Personal, archives:
an exercise on emotional archaeologies
Invited to work with the collection of the photographer Marc Vaux (a collection of 127,000 photographs, featuring more than 5,000 listed artists and 11,000 boxes of glass plate negatives) Euridice Zaituna Kala has herself become the archive. Euridice has enthusiastically taken on this new role by searching for familiar figures from her memories and personal set of references: Josephine Baker, James Baldwin, her father Getúlio Mario Kala...
Kala’s glasswork allows her to develop a quasi-physical connection with Vaux’s archive, by reusing the material the photographer used to create the images in his collection.

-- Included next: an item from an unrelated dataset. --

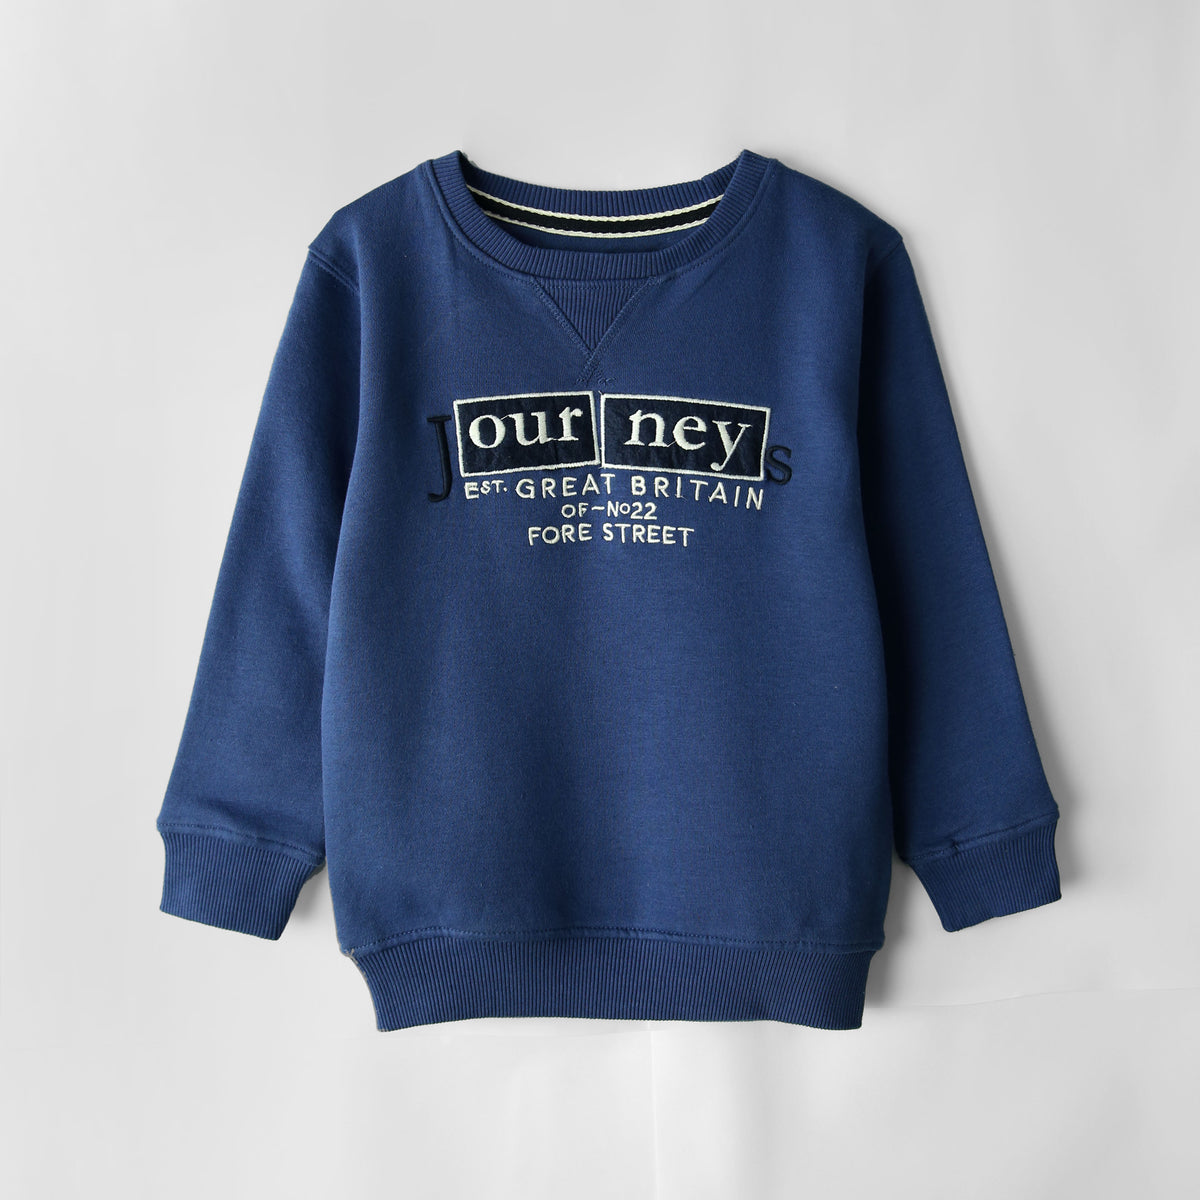 Premium Quality Embroidered Fleece Blue Sweatshirt For Kids

By becoming the archive, Euridice gathers, sorts and interprets information according to its affective value rather than its historical relevance. Becoming the archive means reclaiming power by writing history free of institutional norms.
The artist was drawn to familiar bodies which resembled her own. Euridice reflected on these bodies’ presence in these photographs and their absence from the archives from which monolithic narratives of modern art have been constructed. Rather than reproducing these photographs in her exhibition, the artist instead chose to use narration to draw attention to the bodies frozen and framed in these images – trapped by the projections and fantasies of others.
Kala also interested in absent images: those that have gone missing, those never taken by Marc Vaux, those that have never been located. Who misses these missing images? How did they go missing? Do they exist somewhere else other than in the Vaux photographs? Euridice demonstrates that, like any archive, the Vaux collection is defined by its creator’s subjectivity and material constraints.